ACTIVITY.
Please output the listing that follows exactly, but keep all images out.

EXERCISE DATA.
_____
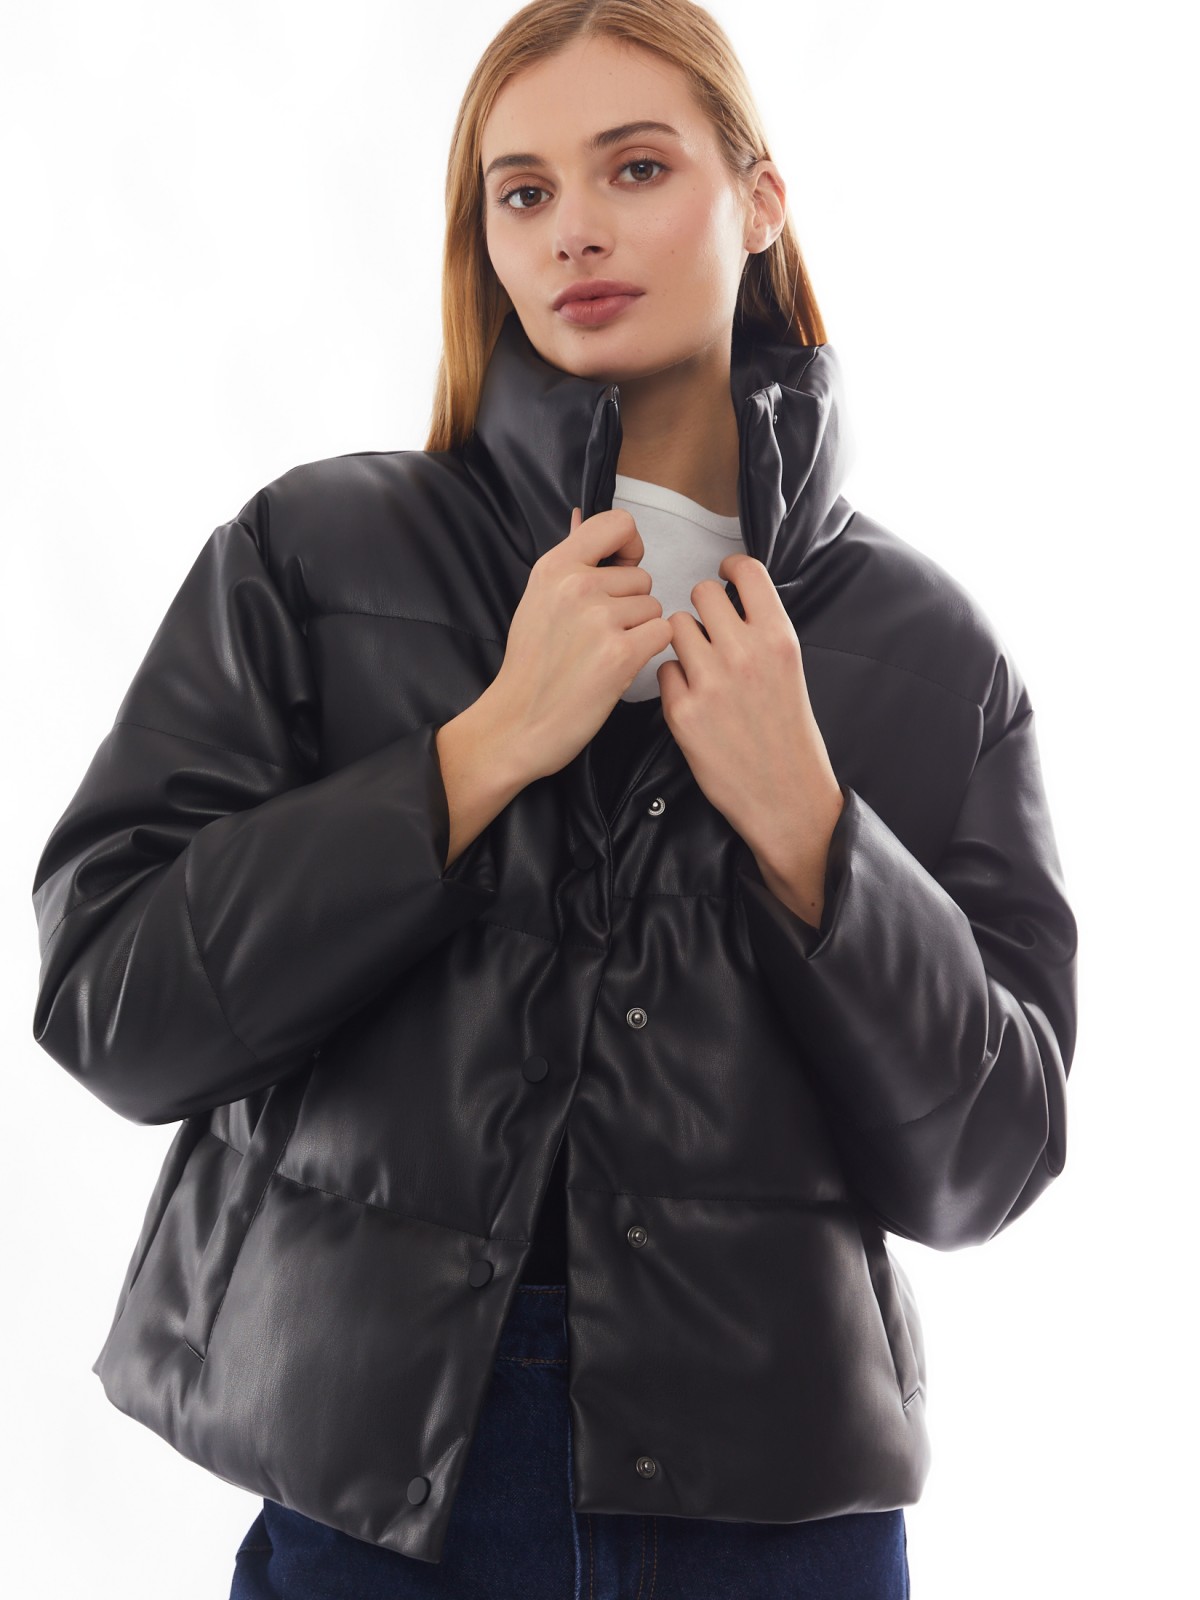 Тёплая стёганая дутая куртка из экокожи с высоким воротником zolla черного цвета
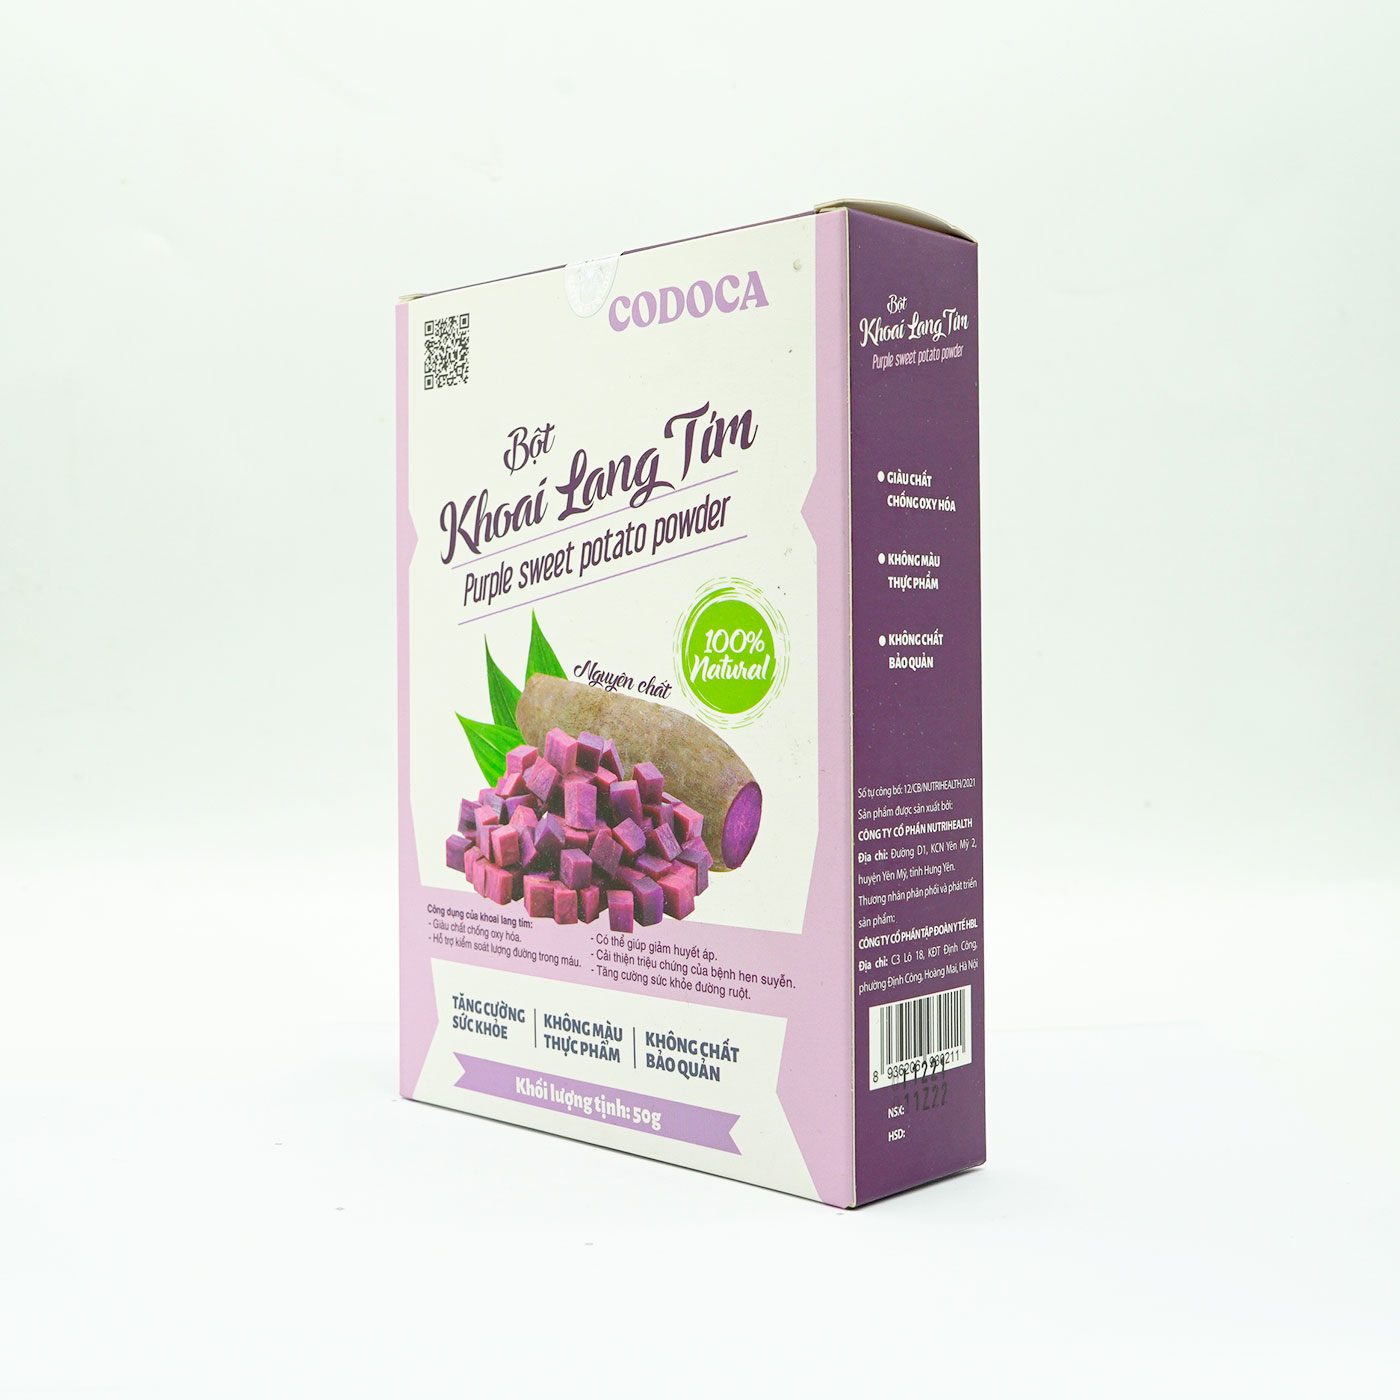 Bột Khoai lang tím Codoca nguyên chất sấy lạnh (50g) Tốt cho sức khỏe, Tạo màu tự nhiên cho thực phẩm
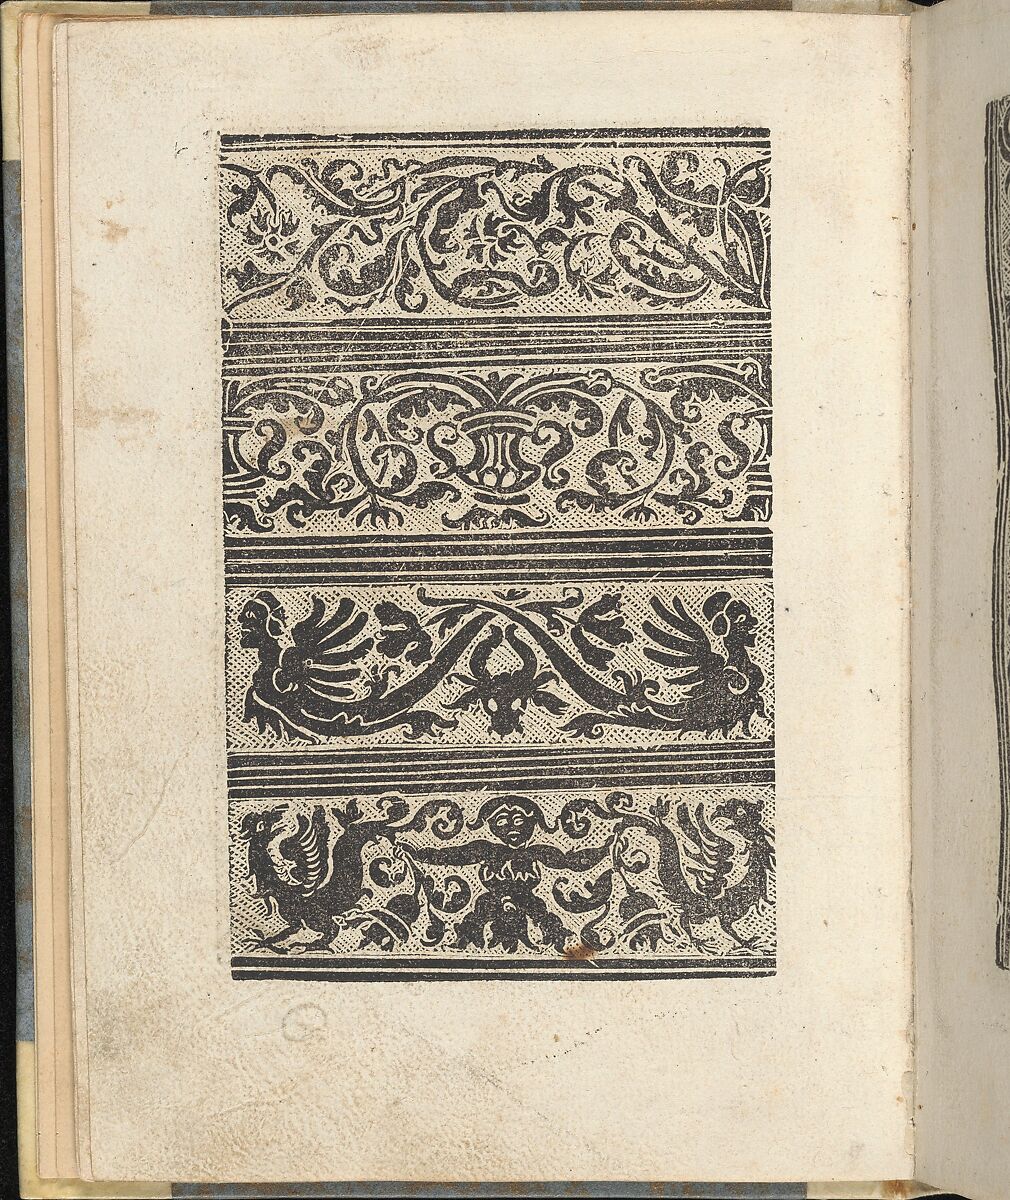 Ein ney Furmbüchlein, Page 11, verso, Johann Schönsperger the Younger (German, active 1510–30), Woodcut
_____
EXERCISE RESULT.
 Тёплая стёганая дутая куртка из экокожи с высоким воротником zolla черного цвета
 Bột Khoai lang tím Codoca nguyên chất sấy lạnh (50g) Tốt cho sức khỏe, Tạo màu tự nhiên cho thực phẩm
 Ein ney Furmbüchlein, Page 11, verso, Johann Schönsperger the Younger (German, active 1510–30), Woodcut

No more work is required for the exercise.